Former railway line in Yorkshire, England

The Gilling and Pickering line (G&P) was a railway line that ran from Gilling to Pickering in North Yorkshire, England.

The line was opened in stages between 1871 and 1875 and linked up with the Thirsk and Malton line (T&M) at Gilling and the York and North Midland Railway at Pickering. The line connected the settlements of Helmsley, Kirkbymoorside, Nawton, Nunnington and Sinnington to others parts of the North Eastern Railway (NER) network. Closure to passengers came on 2 February 1953, with complete closure to all traffic on 10 August 1964.

==History 1864–1913==

The North Eastern Railway first submitted plans for a line through Ryedale to Helmsley in 1864. These were rejected and with other companies trying to push railways through the area (Ryedale Railway Company and the Leeds, North Yorkshire and Durham Railway (LNYDR) being notable competitors) the NER felt compelled to act. The NER and the Ryedale companies submitted plans for their respective railways but both efforts were defeated in Parliament. Eventually the Ryedale and the NER reached an agreement whereby the NER would build their line to Pickering via Helmsley and the Ryedale would be compensated to the amount of £11,000 for the expenses it had occurred. The Gilling and Pickering line was approved by the North Eastern Railway (Gilling and Pickering Branch) Act 1866 (29 & 30 Vict. c. x).

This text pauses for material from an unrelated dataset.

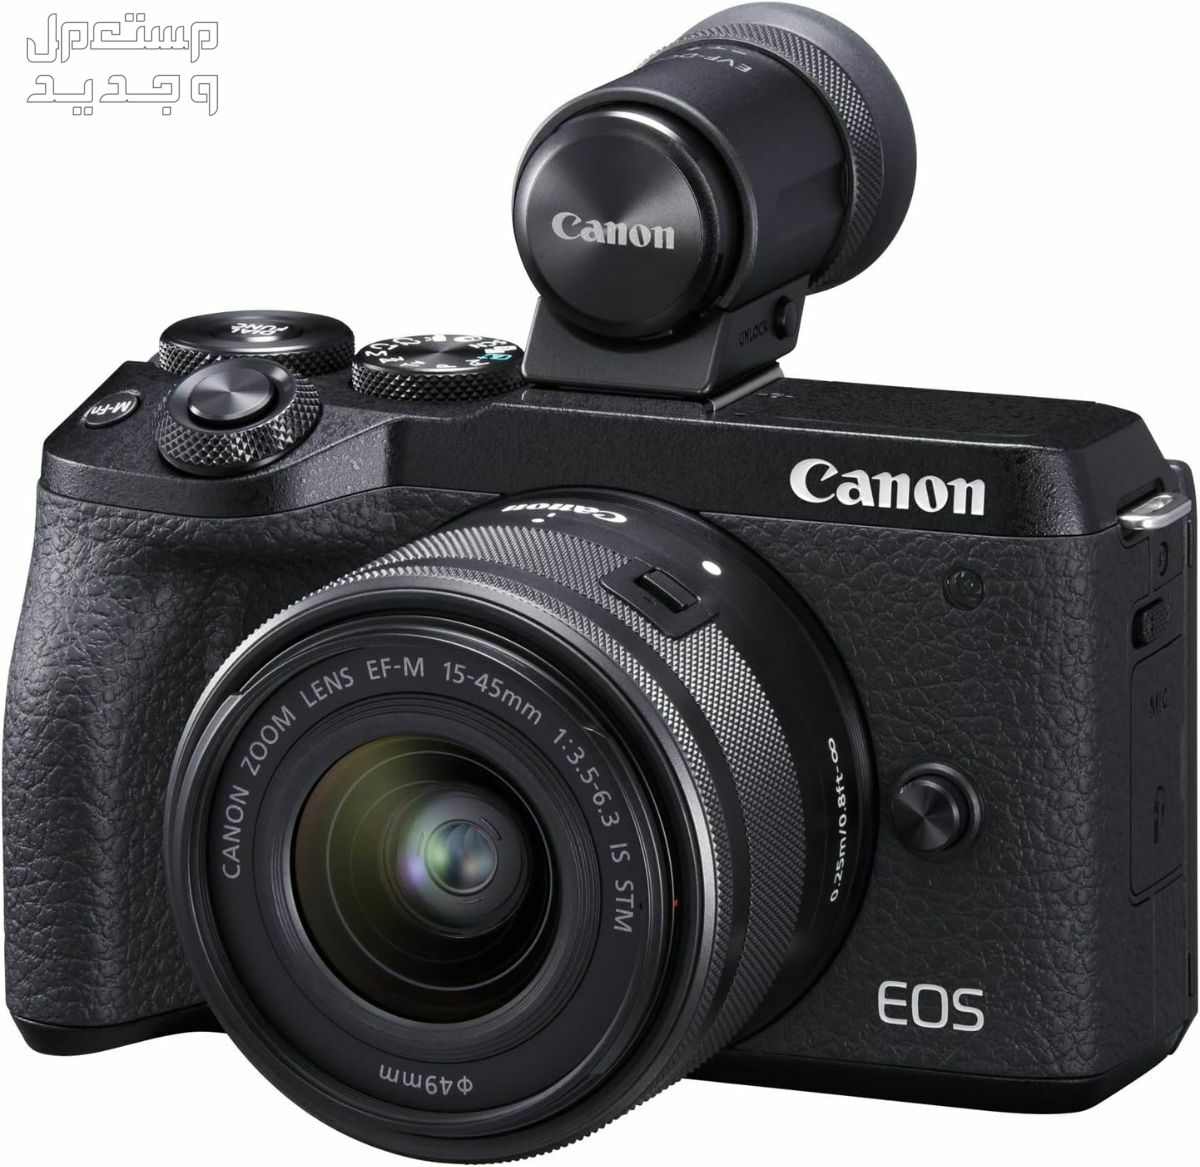 سعر ومميزات ومواصفات أرخص 5 كاميرات تصوير من كانون في فلسطين كاميرا Canon EOS M6 Mark II

The Ryedale plan involved a line from Gilling northwards through Helmsley to Stokesley and Thornaby with a triangular junction at Harome where the eastern arm would go through Kirkbymoorside and bypass Pickering on a direct route to Scarborough. Additionally, it proposed a branch going north from Kirkbymoorside and pushing into Farndale. Both the northern arms of the Ryedale Railway proposals involved tunneling and a substantial number of overbridges (the Farndale branch alone was proposed to cross the River Dove 73 times in ten miles). In the end, the NER stuck by its own plan of 1864 with two minor adjustments, there would be no north to east curve at Cawton (where the T&M and the G&P met at Parliamentary Junction) and so no through running from Hovingham and the original intention was that the line would enter Pickering from the north to allow through running to Scarborough on what was to become the Forge Valley Line.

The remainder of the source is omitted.